*** Opening GIVEN MATERIAL ***

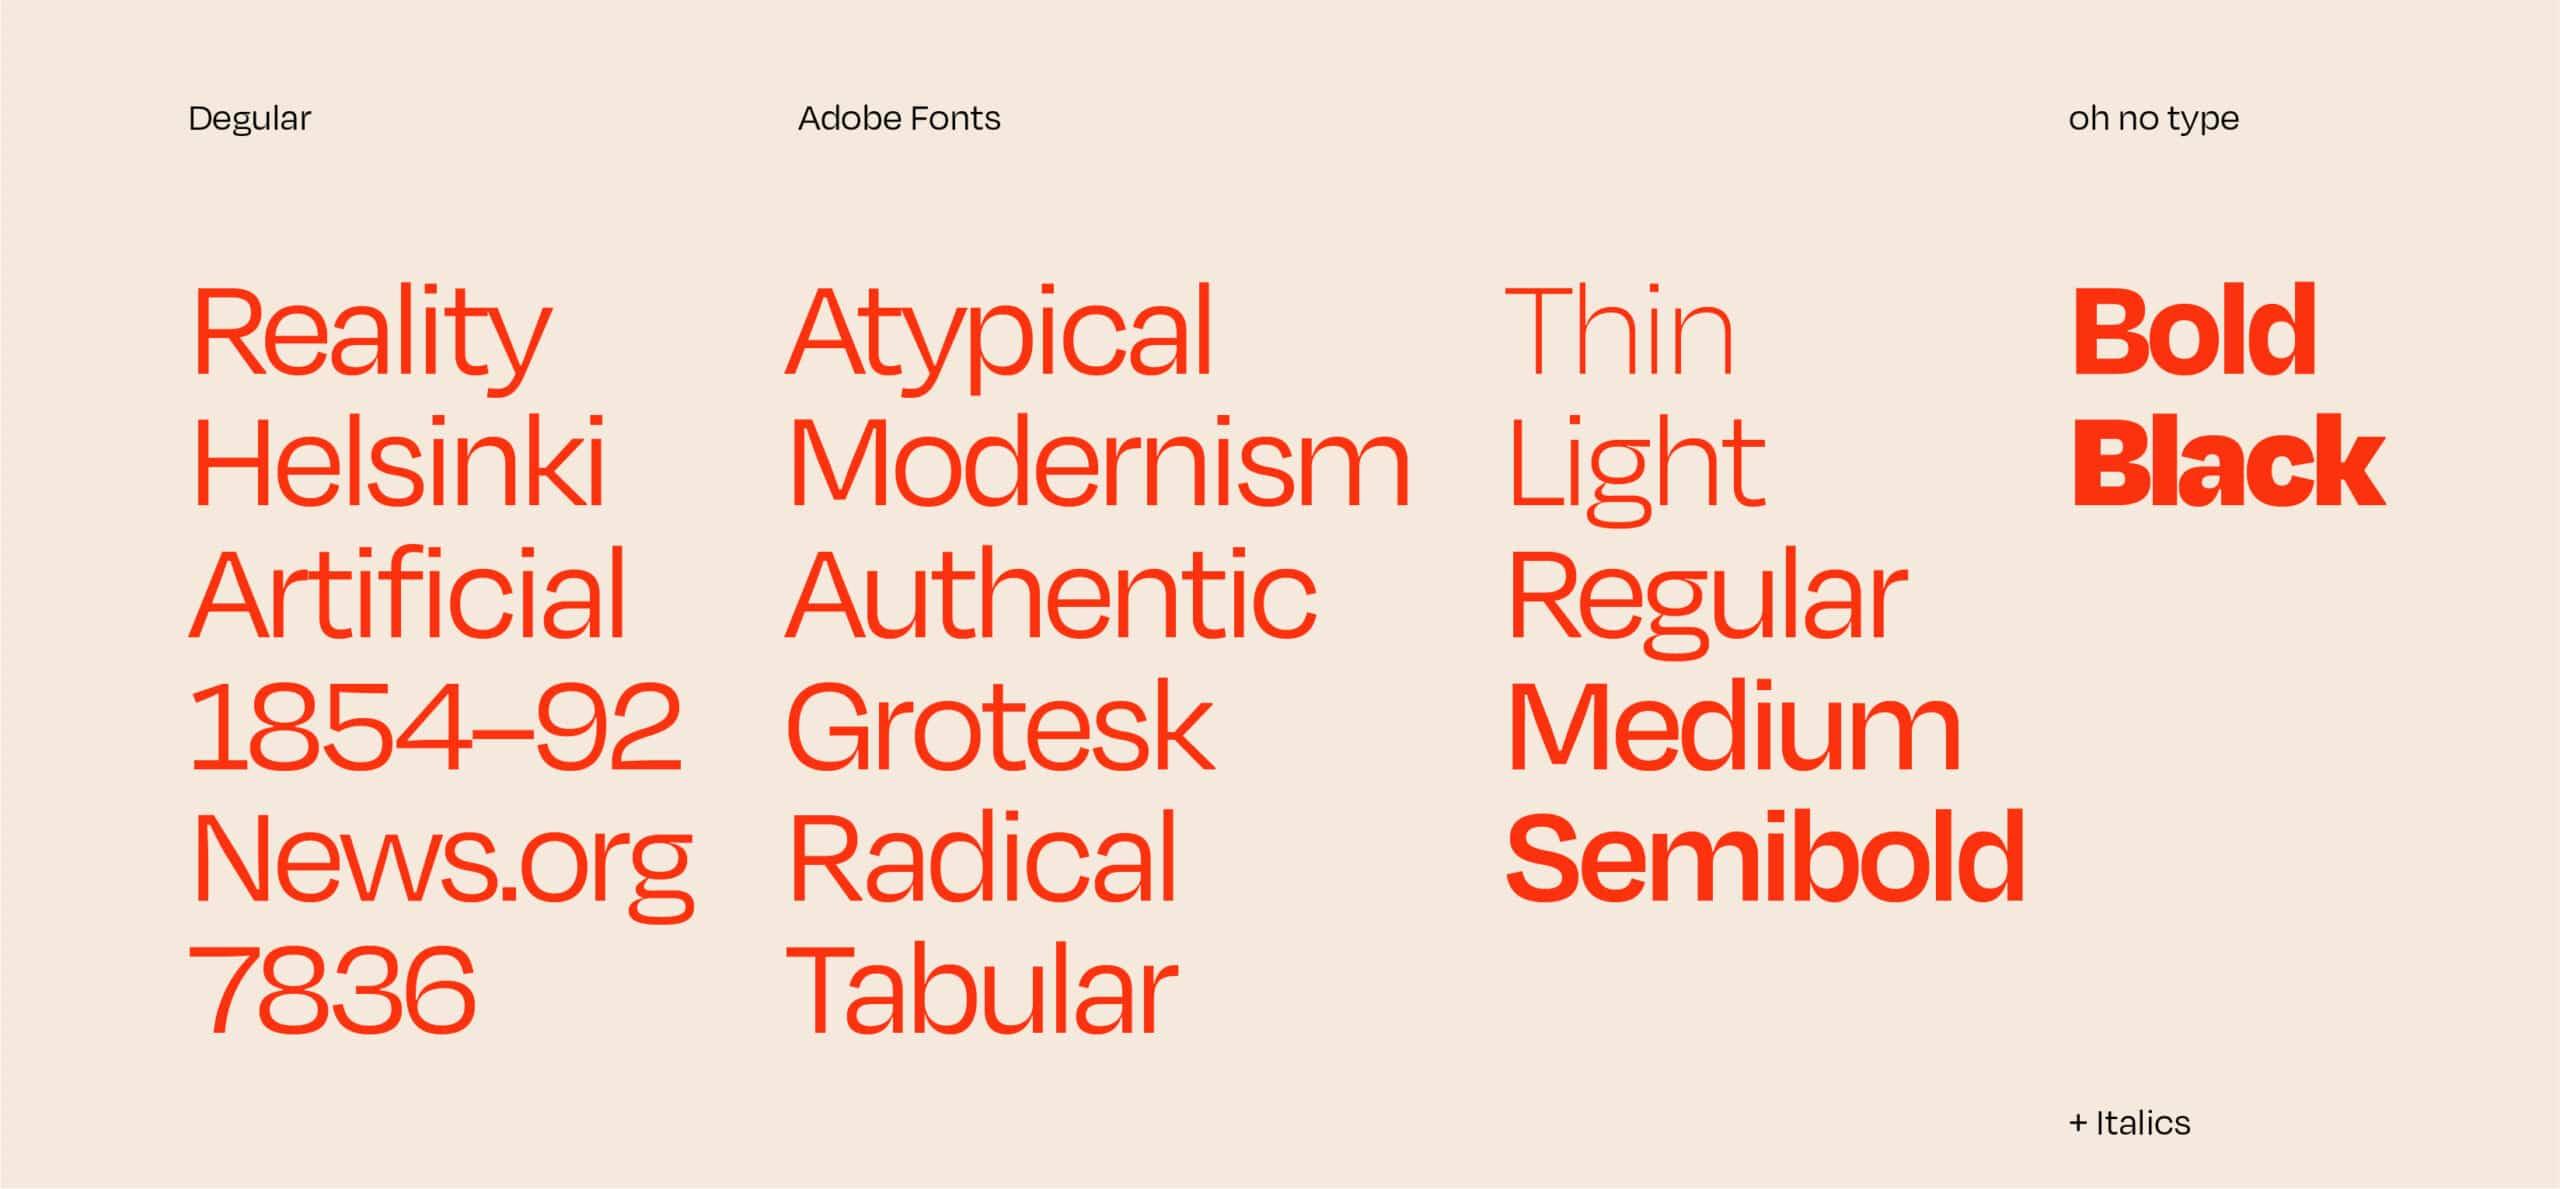 Top Adobe Fonts Degular
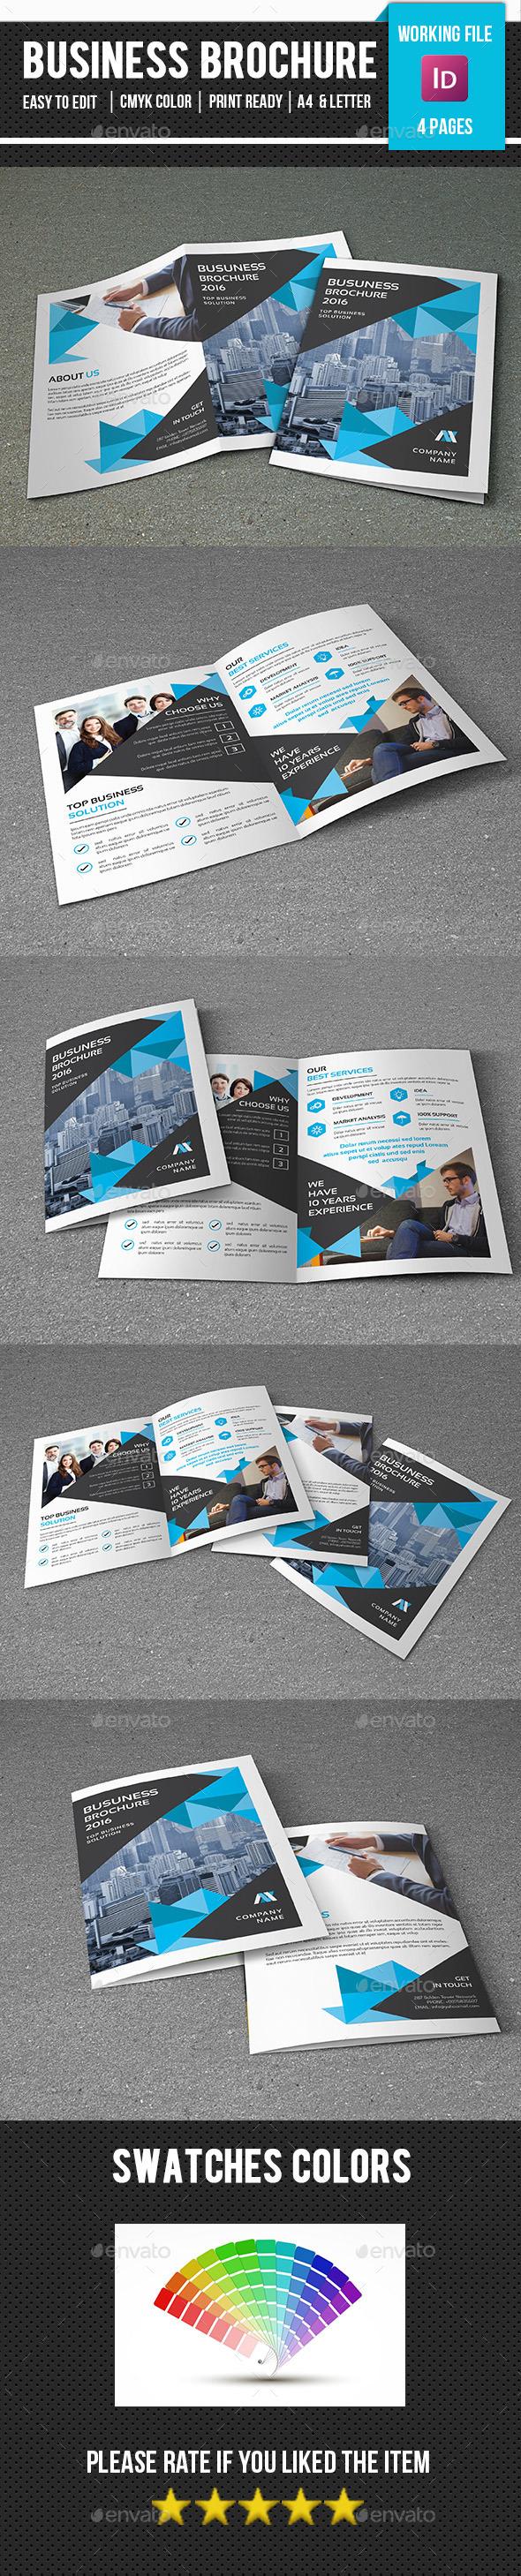 Business Bifold Brochure-V352 - Corporate Brochures
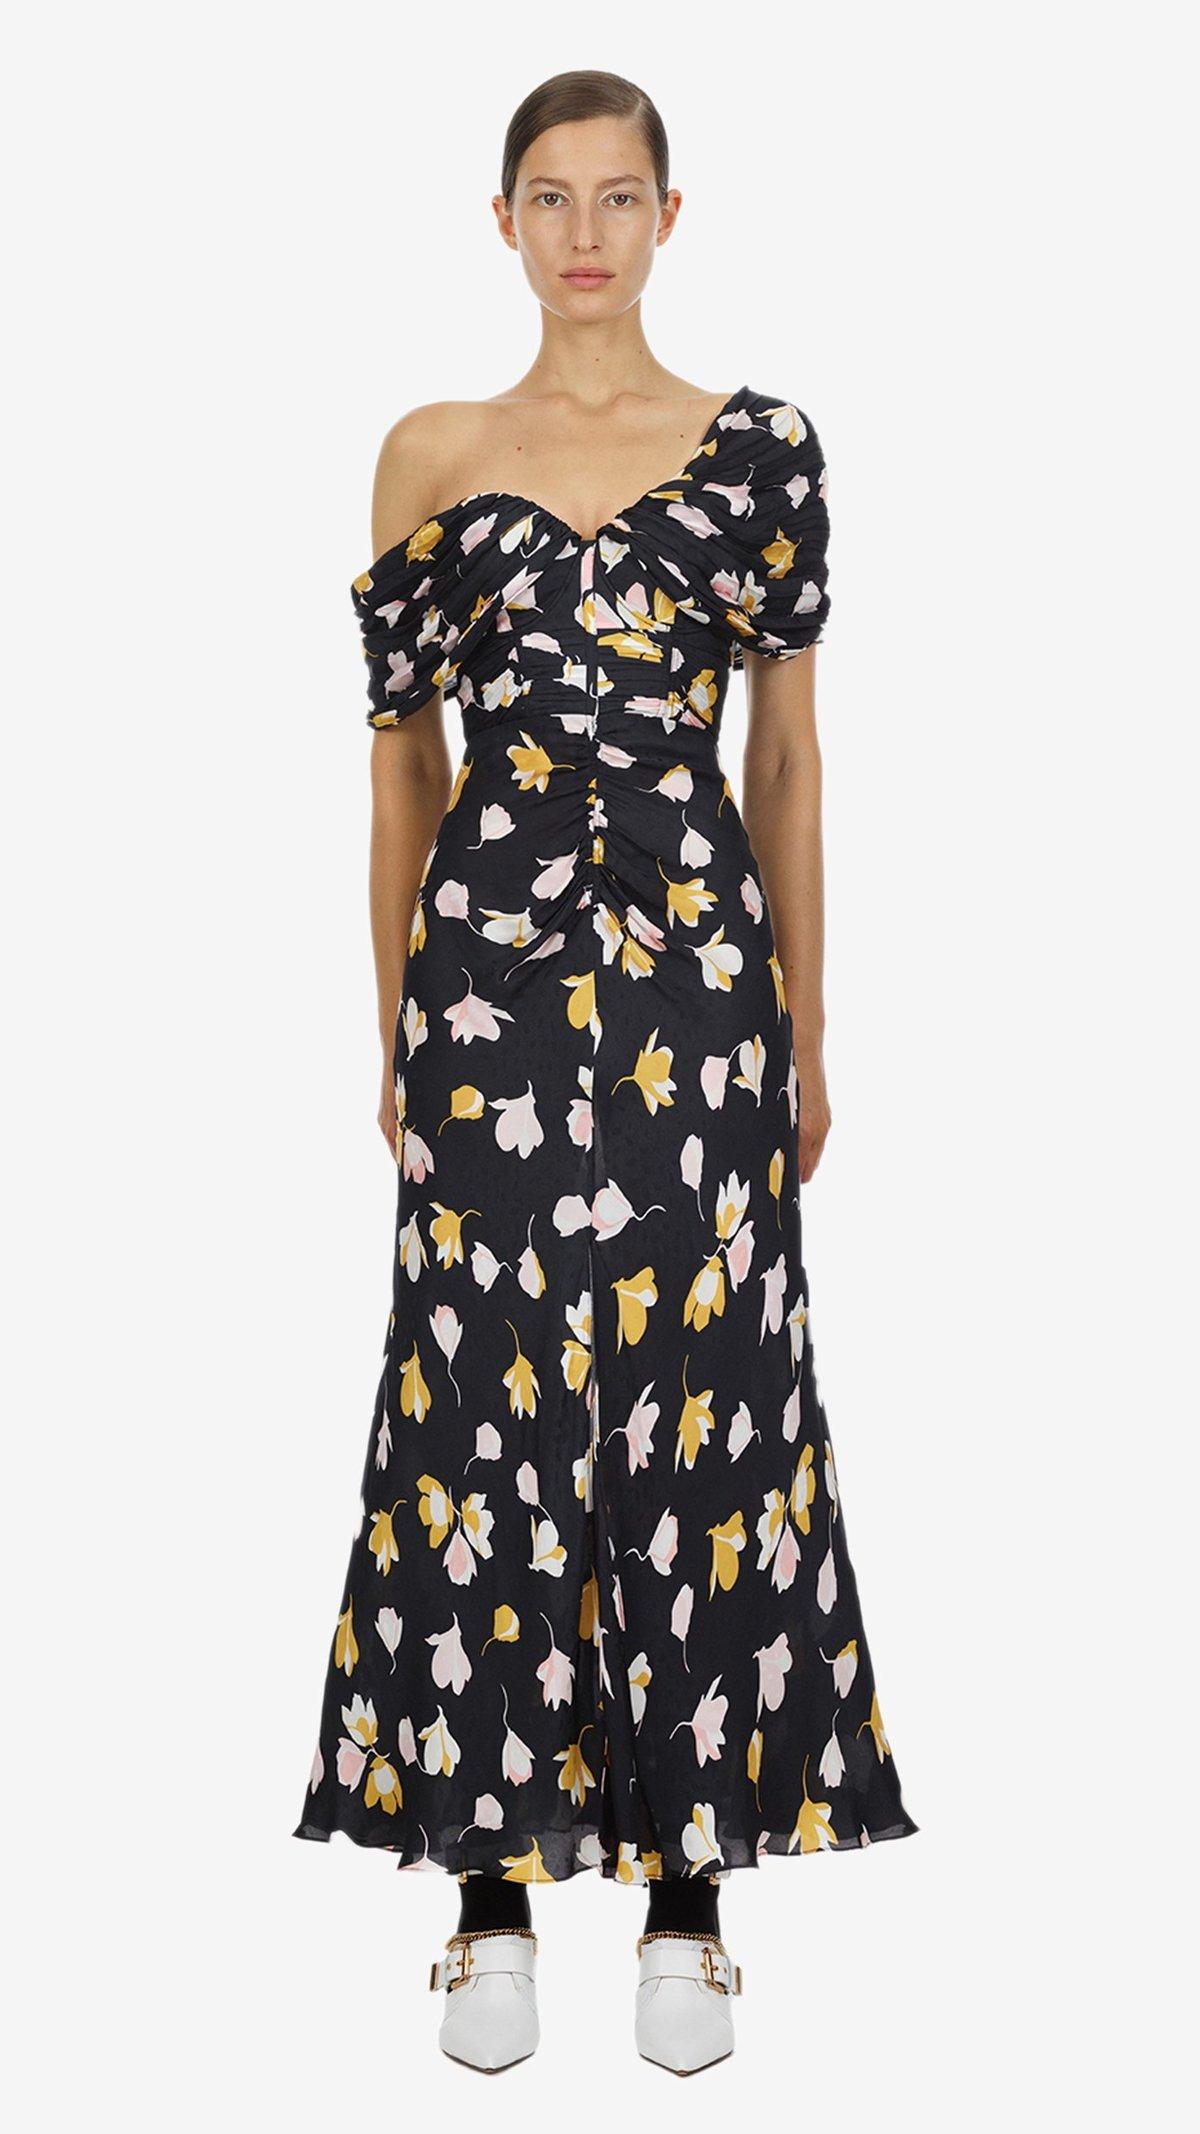 b91720383f3f Self-Portrait Off-Shoulder Dress - Floral Print   Garmentory

*** Closing GIVEN MATERIAL ***

_TASK TO COMPLETE_
Repeat every line above exactly, minus the pictures.

_OUTPUT OF THE TASK_
 Top Adobe Fonts Degular
 Business Bifold Brochure-V352 - Corporate Brochures
 b91720383f3f Self-Portrait Off-Shoulder Dress - Floral Print   Garmentory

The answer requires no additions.